Our policy has always been that if there's a genuine community use-case (see the 4th bullet point under "free" at https://meta.wikimedia.org/wiki/Wikimedia_Enterprise#Access) that cannot be served by any of the existing other methods or tools, we can provide longer term access via the enterprise-portal at no cost upon request. If that's the case then create a new ticket with that context.

Feel free to sign up to use On-Demand (and snapshots, like the dumps you've been using): https://enterprise.wikimedia.com/signup/

@Mitar Preferably we would like it if you can signup and use the trial account to see if that meets your needs. But as mentioned earlier access to our APIs are also available through the WMCS services.
Following the Enterprise section on https://wikitech.wikimedia.org/wiki/Portal:Data_Services You can follow the link for PAWS to access the services and create a Jupyter lab instance to access the WME services.

Quick curl command in the jupyter shell shows that I can easily request articles by name:
e.g. curl https://api.enterprise.wikimedia.com/v2/articles/Gaza_Strip
Will get you the Json formatted version of https://en.wikipedia.org/wiki/Gaza_Strip

Is the On-Demand API (docs link I gave prior) what you're looking for in regards to functionality? It grabs the current version of a single article. That is what you're asking for yes?

It looks like it. I could not 100% confirm it, but it looks like it is returning data in this schema which is the same as what is in HTML enterprise dumps, so yes, this API looks what I am looking for in regards to functionality.

If that's the case then create a new ticket with that context.

That is interesting.
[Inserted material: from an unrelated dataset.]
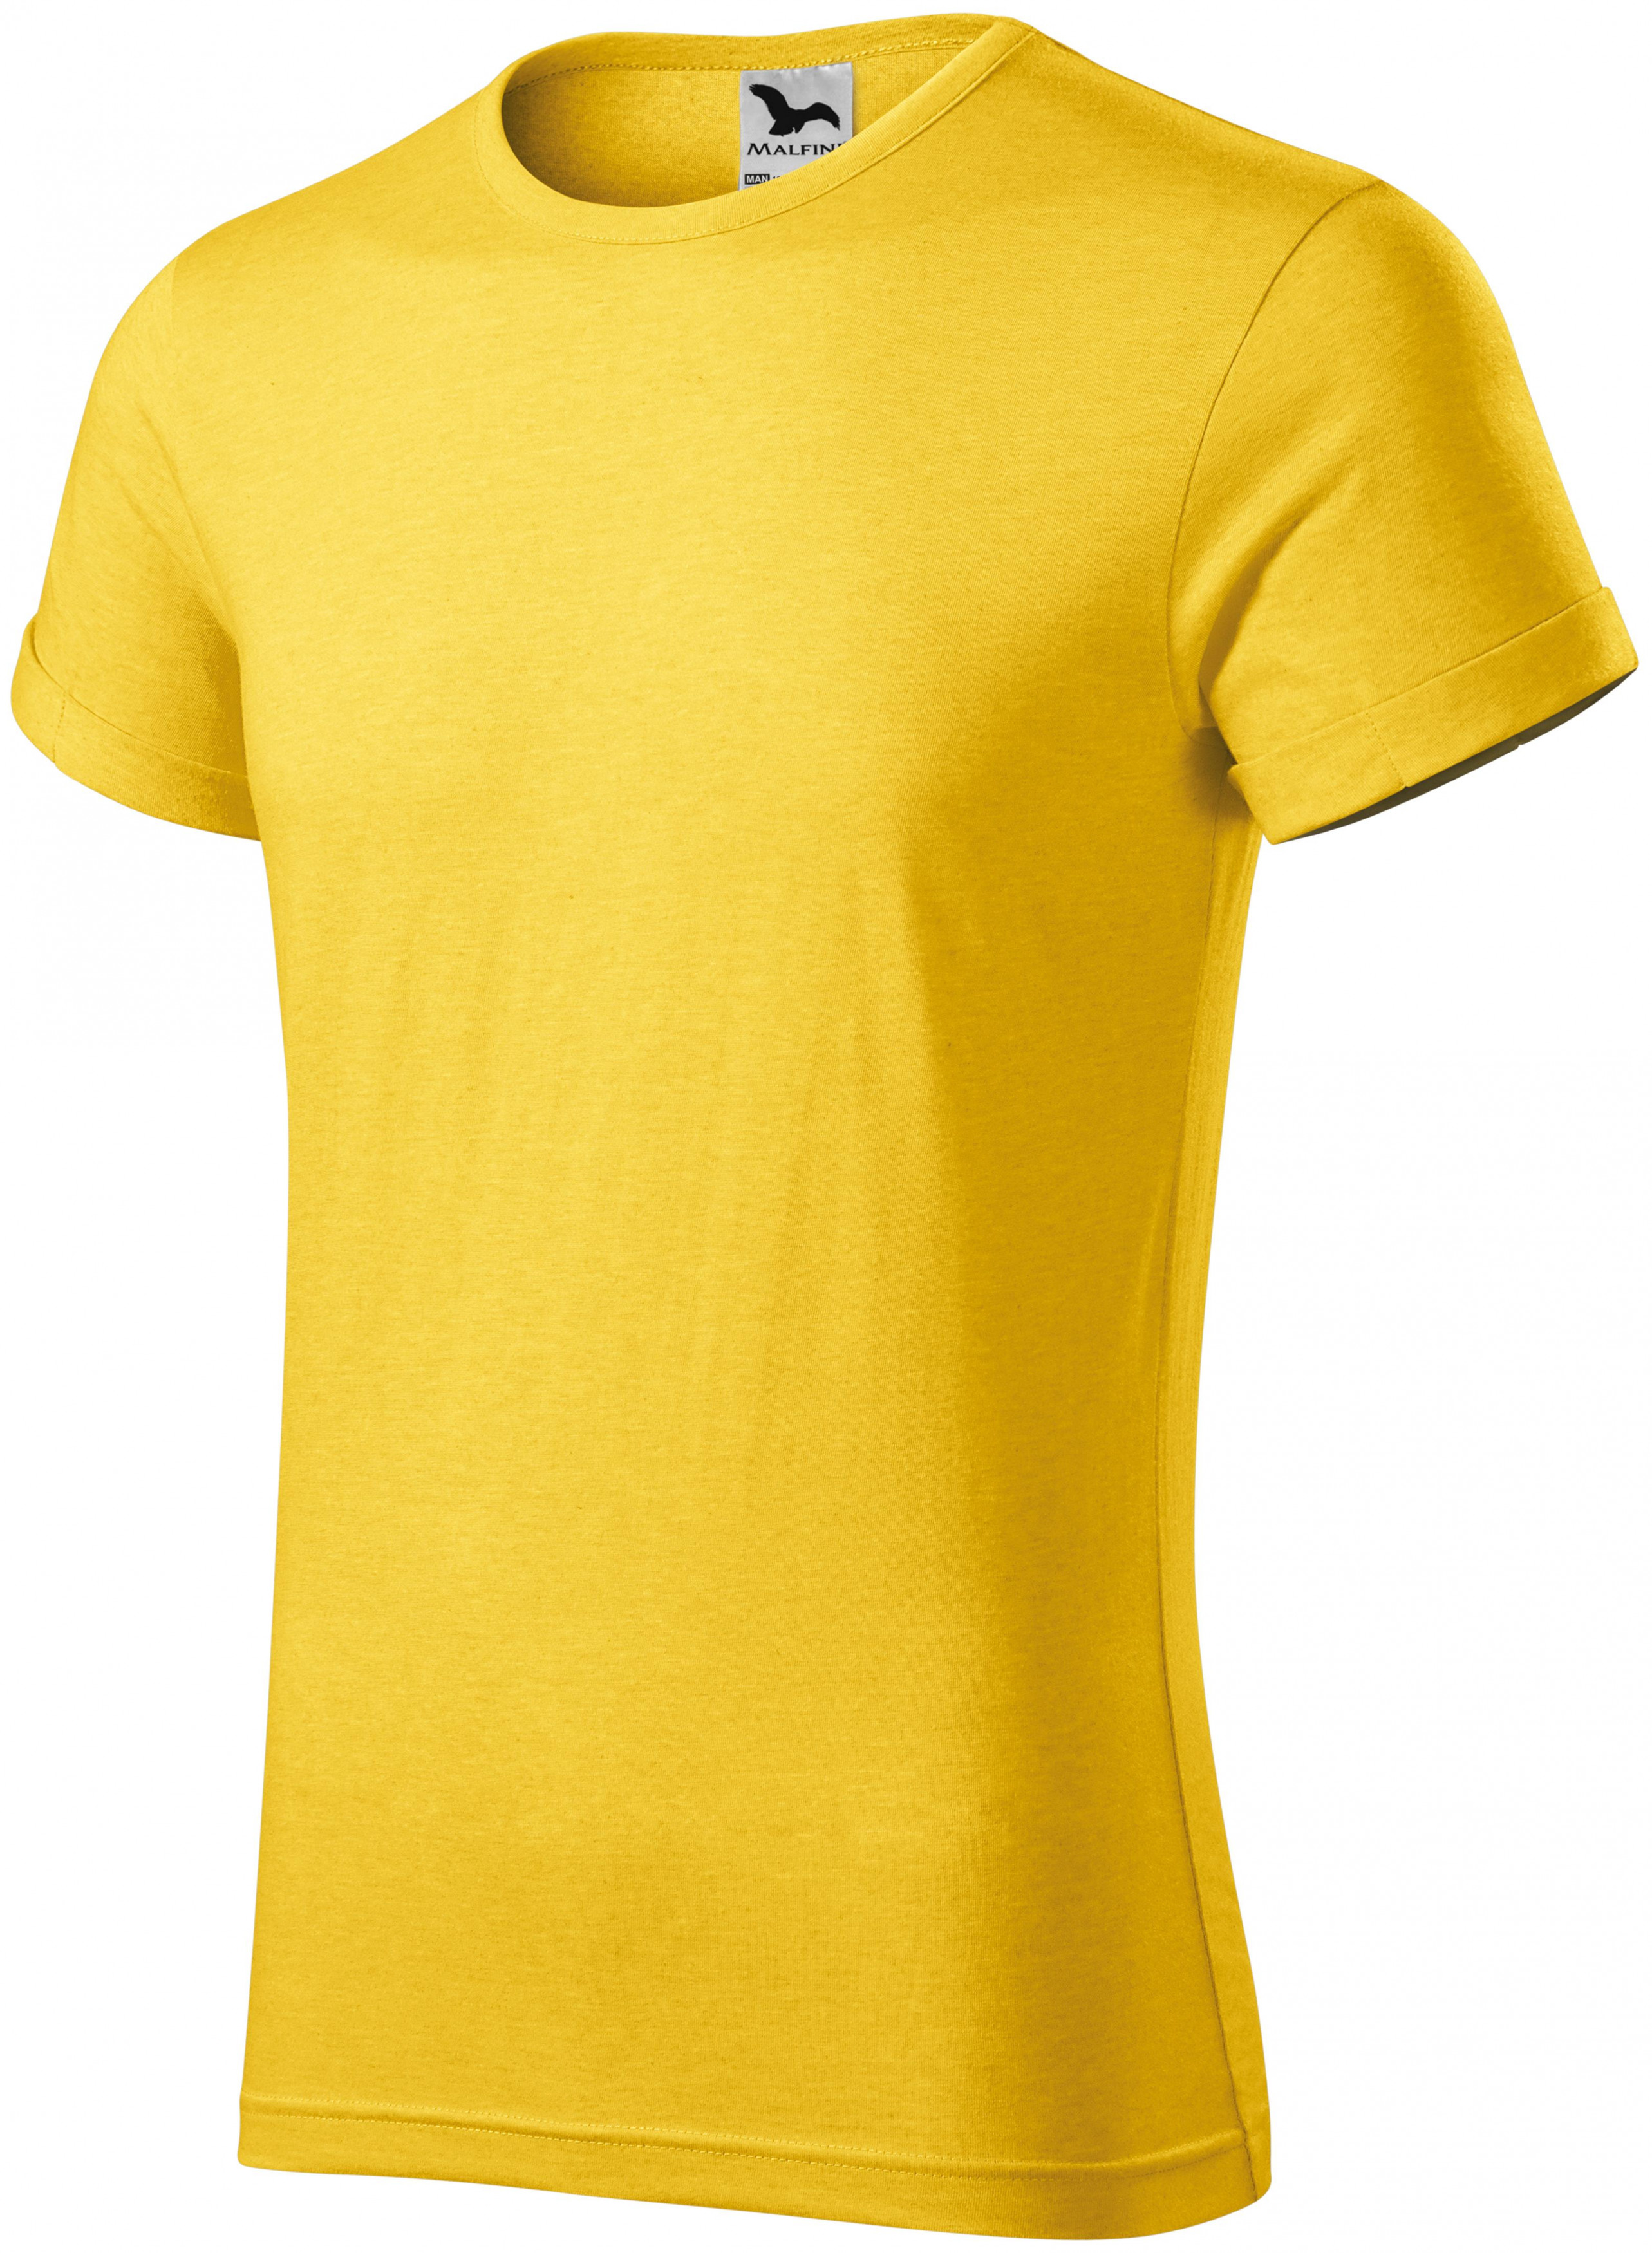 Pánske tričko s vyhrnutými rukávmi, žltý melír, M

Thank you. I will consider it. It might work for my use case (I am working on open source non-profit search engine over Wikipedia content).
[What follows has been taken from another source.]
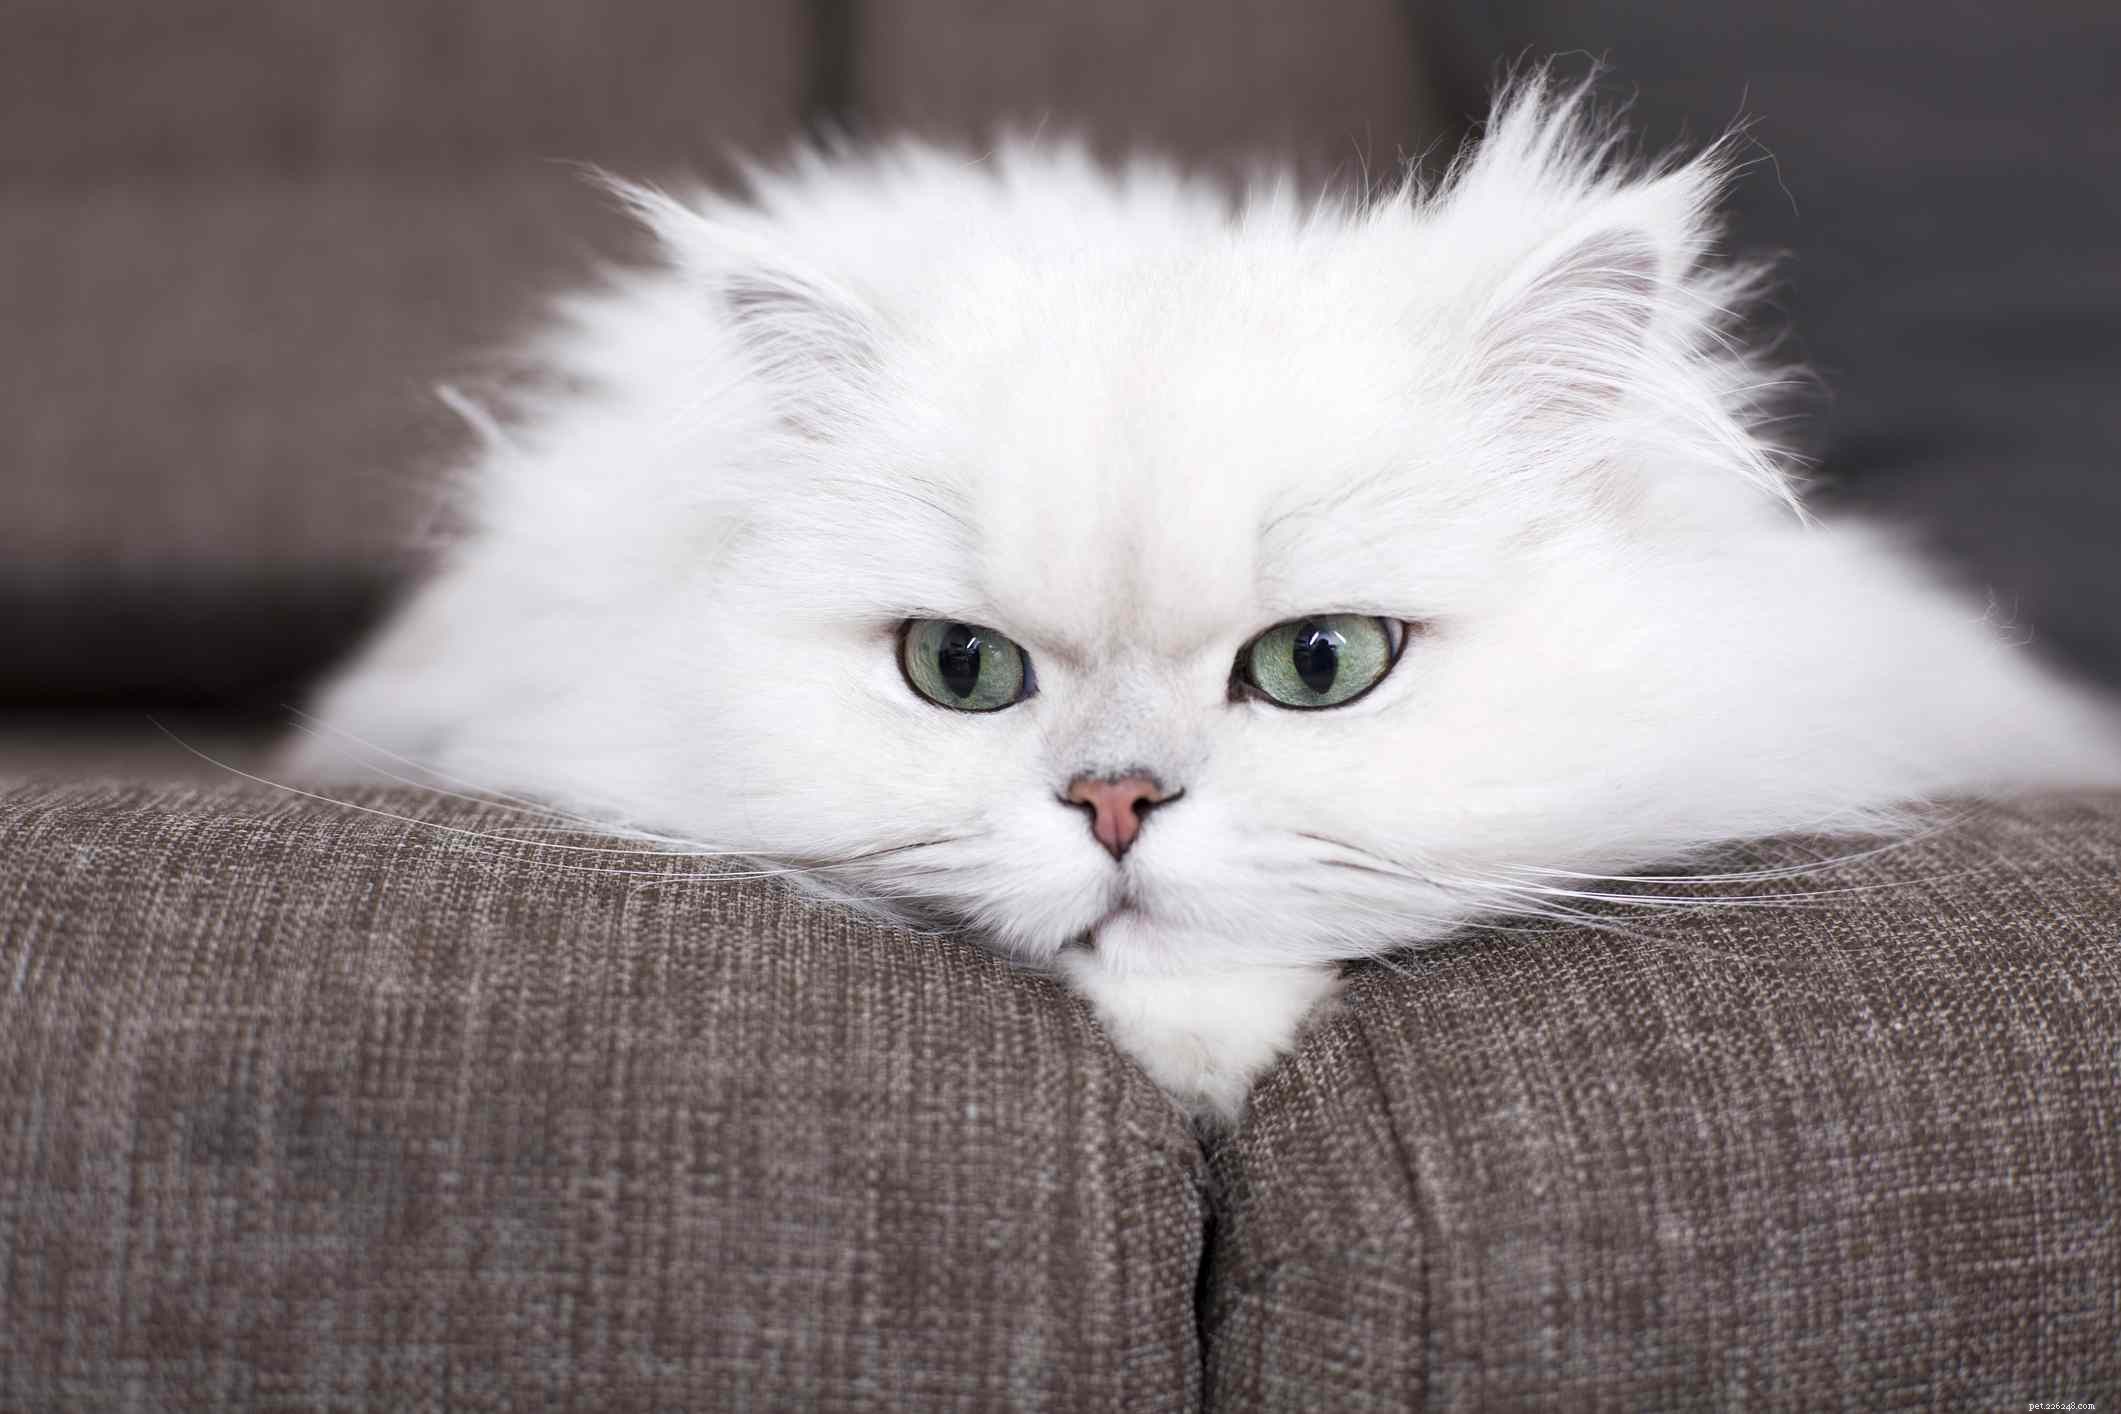 페르시아 고양이에게 가장 사랑스러운 이름 15개

But I still think that on-demand API should be simply offered as other Mediawikis APIs for free to the general community with some reasonable rate limiting defaults without having to specially ask for it. I understand the idea behind the Enterprise offering and that can include higher rate limits and higher SLAs and other types of API endpoints (real-time, push, etc.). But the pull API endpoints themselves should be open in my view. That would also enable open source community to build more tools around it. Like I have made for dumps but not for the enterprise API because I do not have access to it (yet).

creynolds claimed this task.

so yes, this API looks what I am looking for in regards to functionality.

Nice, that's great to hear!

re: rate limiting and non-email login access convo - out of scope for this ticket but feel free to hit up our wiki talk page.